I guess I don't see why this is news.

------
phaus
In many organizations a promotion will depend on your supervisor's ability to
sell it to his superiors. The system at Amazon just makes it more noticeable.

I'm highly opposed to establishing quotas, either for promotion, demotion,
hiring, or termination. In all cases, quotas establish a destructive
environment.

------
rdl
Whenever I read one of these articles, I wonder which medium to large size
companies actually _are_ good places to work. This is from a "startup type
person perspective" \-- i.e. largely defined by work or career, even if you
don't want the financial risk of a startup. Lots of places are fine if it's
just a job.

Apple seems like it could be awesome if you're on the right time, and horrible
otherwise, which is about the best I've seen of anywhere.

By definition, any job where you're not revenue generating and in the main
(and especially main and growing) line of business also sucks.
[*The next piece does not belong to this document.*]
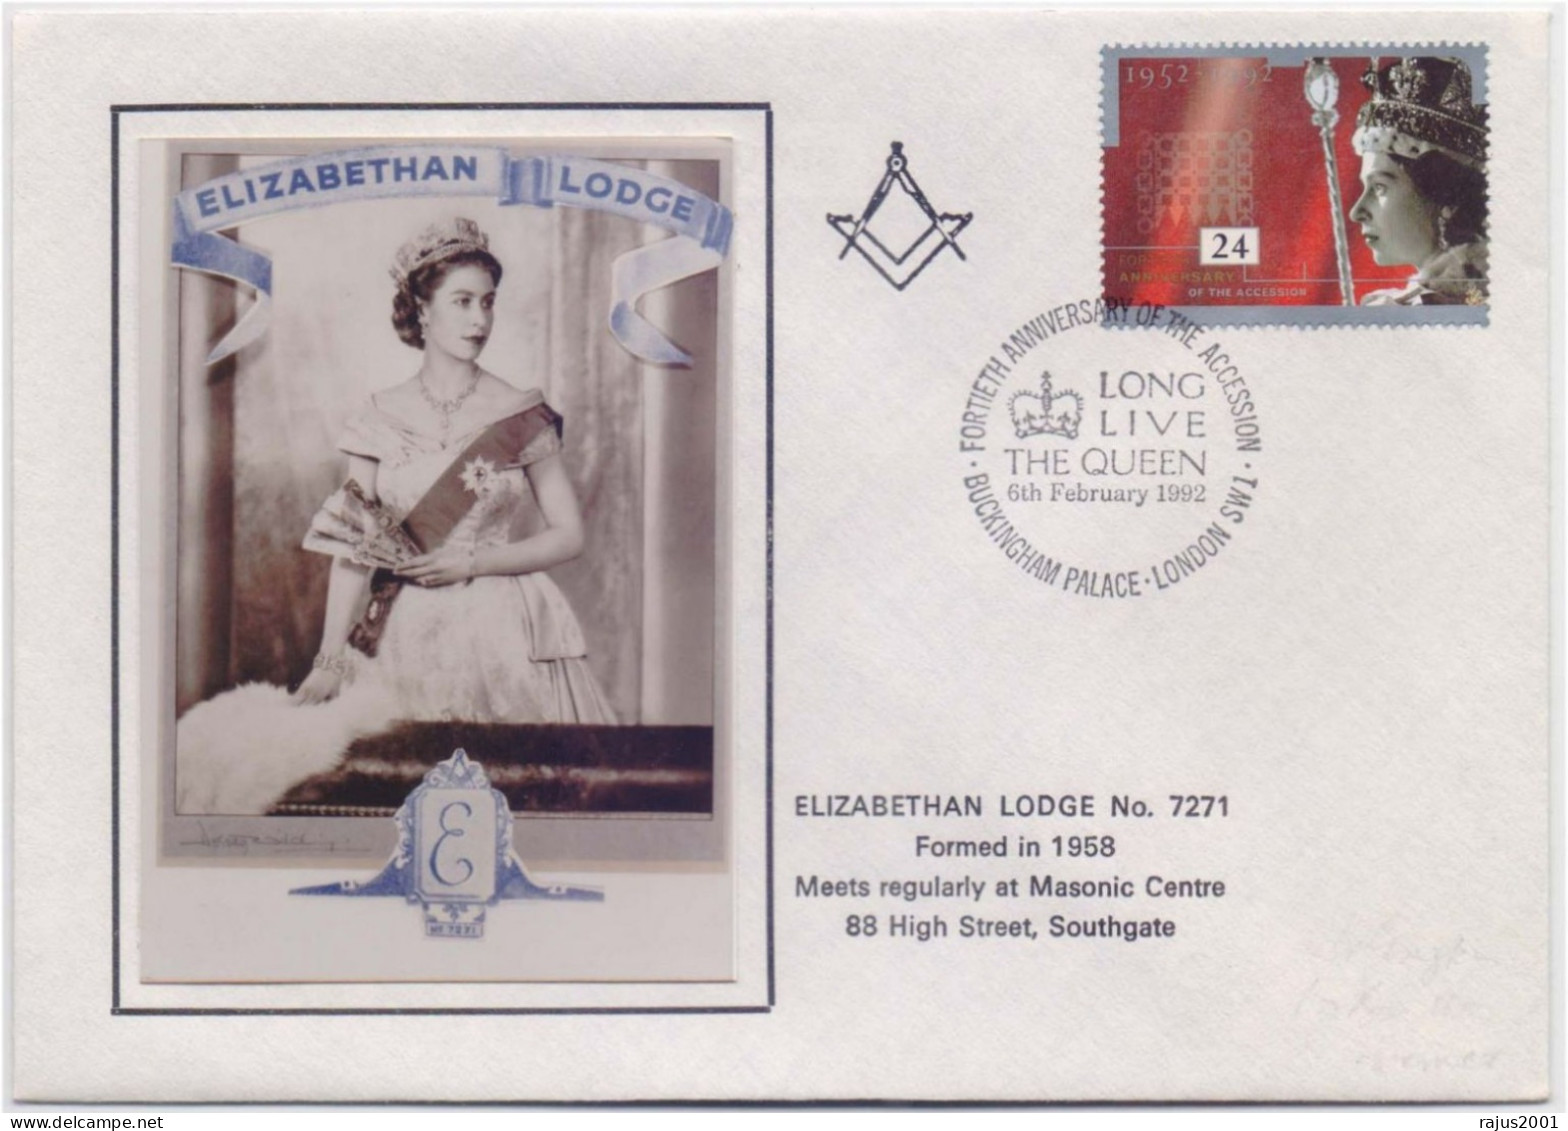 ELIZABETHAN LODGE NO 7271 FORMED IN 1958, Queen Elizabeth, Freemasonry, Masonic Limited Only 100 Cover Issued Cover - Francmasonería

I guess there
are limited exceptions when it is clear a new product could become the main
line of business, and you're early in it.

Amazon, Microsoft, Intel seem painful at best, and Google seems like it had a
rough few years with a mass culling of less important products.

On the other hand, even the most pathological organizations (government!) can
be ok as a consultant, if you're on an important enough assignment and have
buy-in at the right levels. If nothing else, it's an amazing opportunity for
comparative anthropology.

------
mrbgty
Sounds to me like no matter what system is used, the problem is that there's a
limited number of promotions/raises to give out.

If your employees really are adding value to the company, then why should the
promotions/raises be limited?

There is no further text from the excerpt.